In addition to his fundamental genetic point, Alexander also has more practical arguments, stemming from undeniable asymmetries in the parent/child relationship. The parent is the active partner, the one who actually does the work to get the food, etc., and is therefore in a position to call the tune. If the parent decides to withdraw its labour, there is not much that the child can do about it, since it is smaller, and cannot hit back. Therefore the parent is in a position to impose its will, regardless of what the child may want. This argument is not obviously wrong, since in this case the asymmetry that it postulates is a real one. Parents really are bigger, stronger and more worldly-wise than children. They seem to hold all the good cards. But the young have a few aces up their sleeves too. For example, it is important for a parent to know how hungry each of its children is, so that it can most efficiently dole out the food. It could of course ration the food exactly equally between them all, but in the best of all possible worlds this would be less efficient than a system of giving a little bit more to those that could genuinely use it best. A system whereby each child told the parent how hungry he was would be ideal for the parent, and, as we have seen, such a system seems to have evolved. But the young are in a strong position to lie, because they know exactly how hungry they are, while the parent can only guess whether they are telling the truth or not. It is almost impossible for a parent to detect a small lie, although it might see through a big one.
Then again, it is of advantage to a parent to know when a baby is happy, and it is a good thing for a baby to be able to tell its parents when it is happy. Signals like purring and smiling may have been selected because they enable parents to learn which of their actions are most beneficial to their children. The sight of her child smiling, or the sound of her kitten purring, is rewarding to a mother, in the same sense as food in the stomach is rewarding to a rat in a maze. But once it becomes true that a sweet smile or a loud purr are rewarding, the child is in a position to use the smile or the purr in order to manipulate the parent, and gain more than its fair share of parental investment.
There is, then, no general answer to the question of who is more likely to win the battle of the generations. What will finally emerge is a compromise between the ideal situation desired by the child and that desired by the parent. It is a battle comparable to that between cuckoo and foster parent, not such a fierce battle to be sure, for the enemies do have some genetic interests in common-they are only enemies up to a point, or during certain sensitive times. However, many of the tactics used by cuckoos, tactics of deception and exploitation, may be employed by a parent's own young, although the parent's own young will stop short of the total selfishness that is to be expected of a cuckoo.

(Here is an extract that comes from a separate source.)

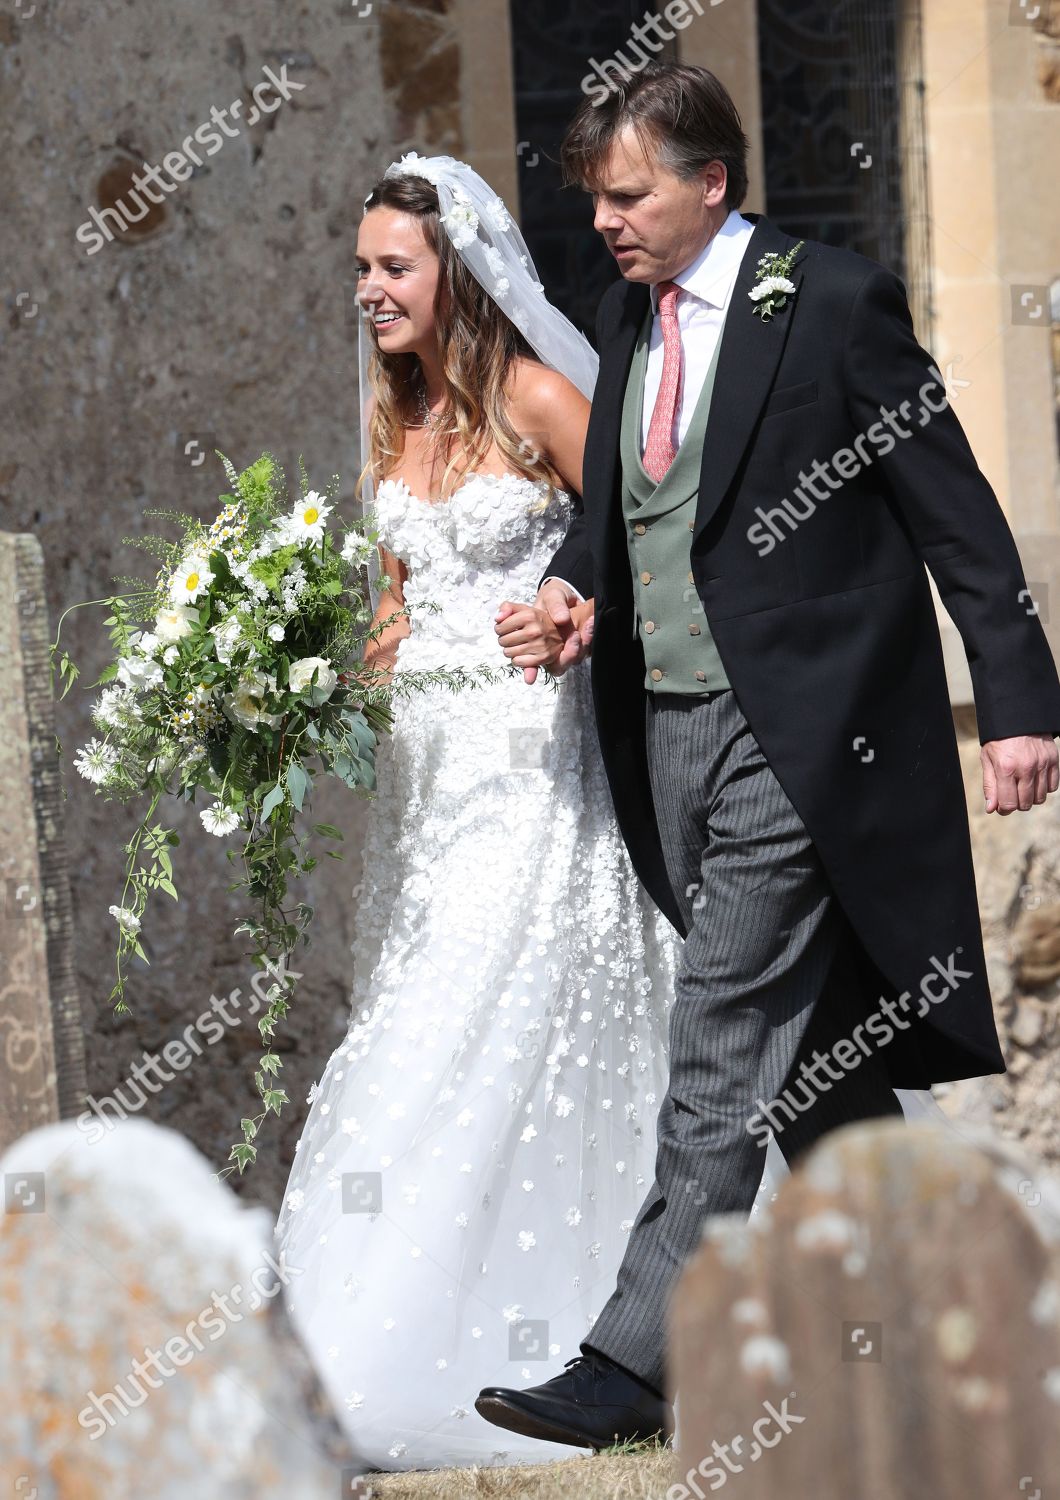 the-wedding-of-daisy-jenks-and-charlie-van-straubenzee-st-mary-the-virgin-church-frensham-surrey-uk-shutterstock-editorial-9779678ad.jpg
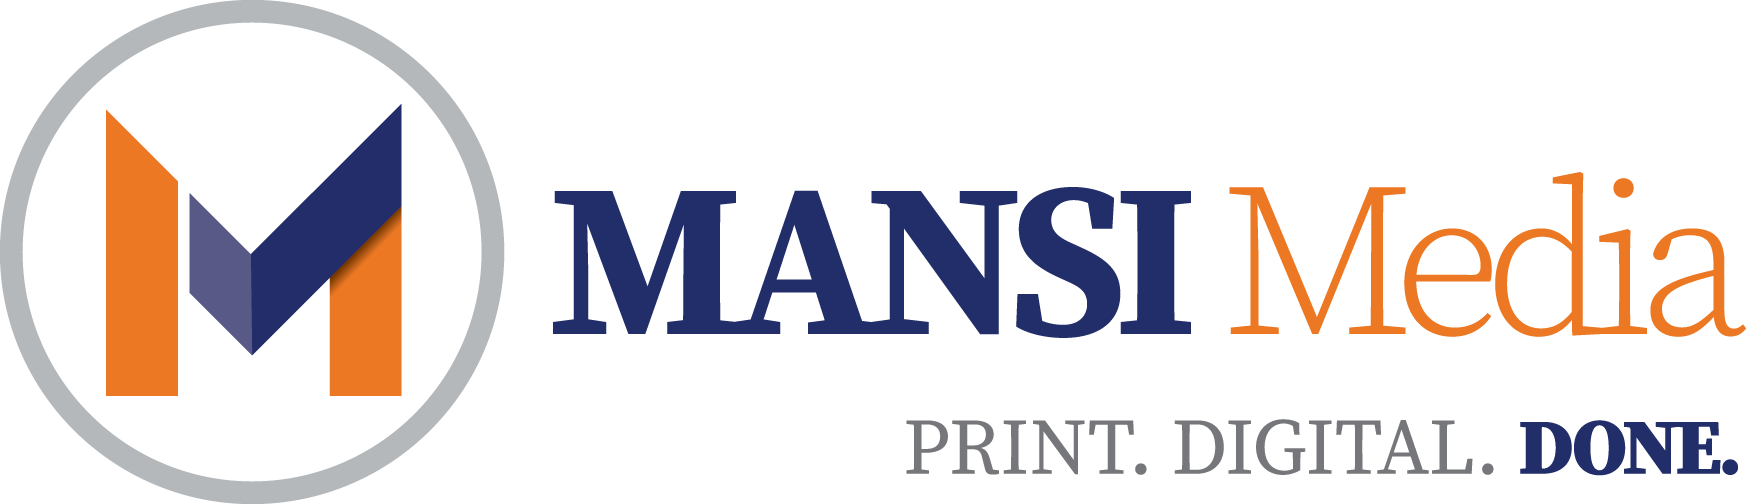 MANSI Media Logo cmyk Horizontal

This chapter, and the next in which we discuss conflict between mates, could seem horribly cynical, and might even be distressing to human parents, devoted as they are to their children, and to each other. Once again I must emphasize that I am not talking about conscious motives. Nobody is suggesting that children deliberately and consciously deceive their parents because of the selfish genes within them. And I must repeat that when I say something like 'A child should lose no opportunity of cheating ... lying, deceiving, exploiting...', I am using the word 'should' in a special way. I am not advocating this kind of behaviour as moral or desirable. I am simply saying that natural selection will tend to favour children who do act in this way, and that therefore when we look at wild populations we may expect to see cheating and selfishness within families. The phrase 'the child should cheat' means that genes that tend to make children cheat have an advantage in the gene pool. If there is a human moral to be drawn, it is that we must teach our children altruism, for we cannot expect it to be part of their biological nature.
If there is conflict of interest between parents and children, who share 50 per cent of each others' genes, how much more severe must be the conflict between mates, who are not related to each other? All that they have in common is a 50 per cent genetic shareholding in the same children. Since father and mother are both interested in the welfare of different halves of the same children, there may be some advantage for both of them in cooperating with each other in rearing those children. If one parent can get away with investing less than his or her fair share of costly resources in each child, however, he will be better off, since he will have more to spend on other children by other sexual partners, and so propagate more of his genes. Each partner can therefore be thought of as trying to exploit the other, trying to force the other one to invest more. Ideally, what an individual would 'like' (I don't mean physically enjoy, although he might) would be to copulate with as many members of the opposite sex as possible, leaving the partner in each case to bring up the children. As we shall see, this state of affairs is achieved by the males of a number of species, but in other species the males are obliged to share an equal part of the burden of bringing up children. This view of sexual partnership, as a relationship of mutual mistrust and mutual exploitation, has been stressed especially by Trivers. It is a comparatively new one to ethologists. We had usually thought of sexual behaviour, copulation, and the courtship that precedes it, as essentially a cooperative venture undertaken for mutual benefit, or even for the good of the species!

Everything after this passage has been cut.